- Conference: North Central Conference
- Record: 7–3 (4–1 NCC)
- Head coach: Harry Gamage (11th season);
- Home stadium: Inman Field

= 1948 South Dakota Coyotes football team =

American college football season

The 1948 South Dakota Coyotes football team was an American football team that represented the University of South Dakota as a member of the North Central Conference (NCC) during the 1948 college football season.
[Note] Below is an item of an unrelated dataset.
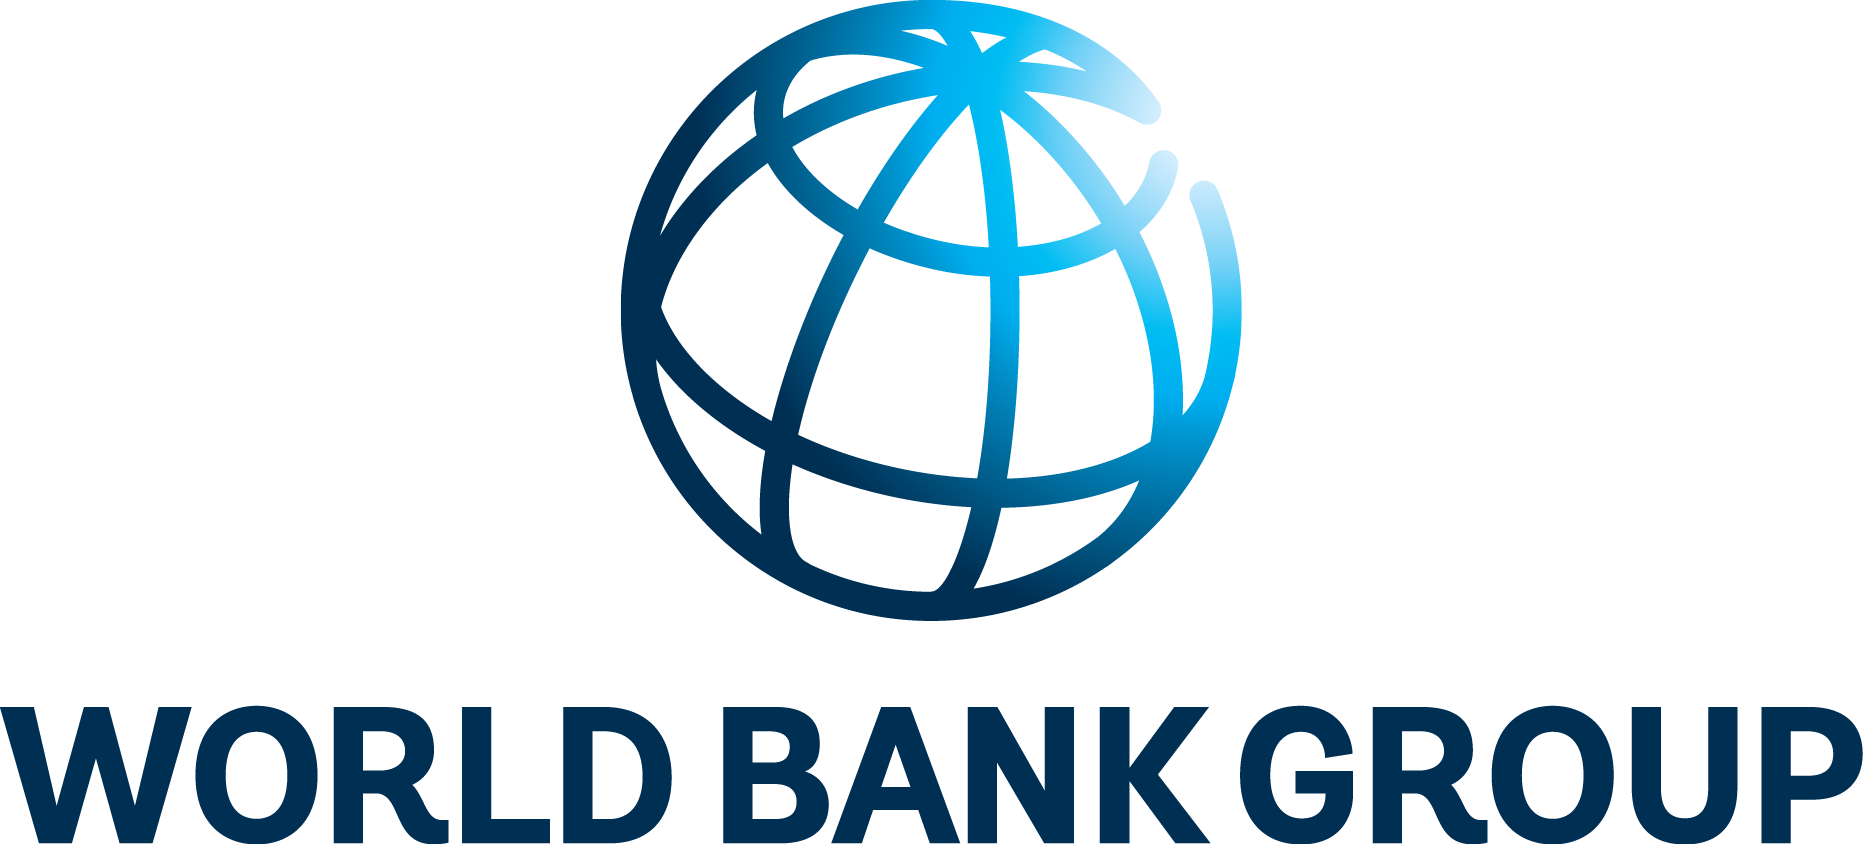 trzcacak.rs-world-bank-logo-png-4016837

In their 11th season under head coach Harry Gamage, the Coyotes compiled a 7–3 record (4–1 against NCC opponents), finished in second place out of seven teams in the NCC, and were outscored by a total of 292 to 129.

South Dakota was ranked at No. 165 in the final Litkenhous Difference by Score System ratings for 1948.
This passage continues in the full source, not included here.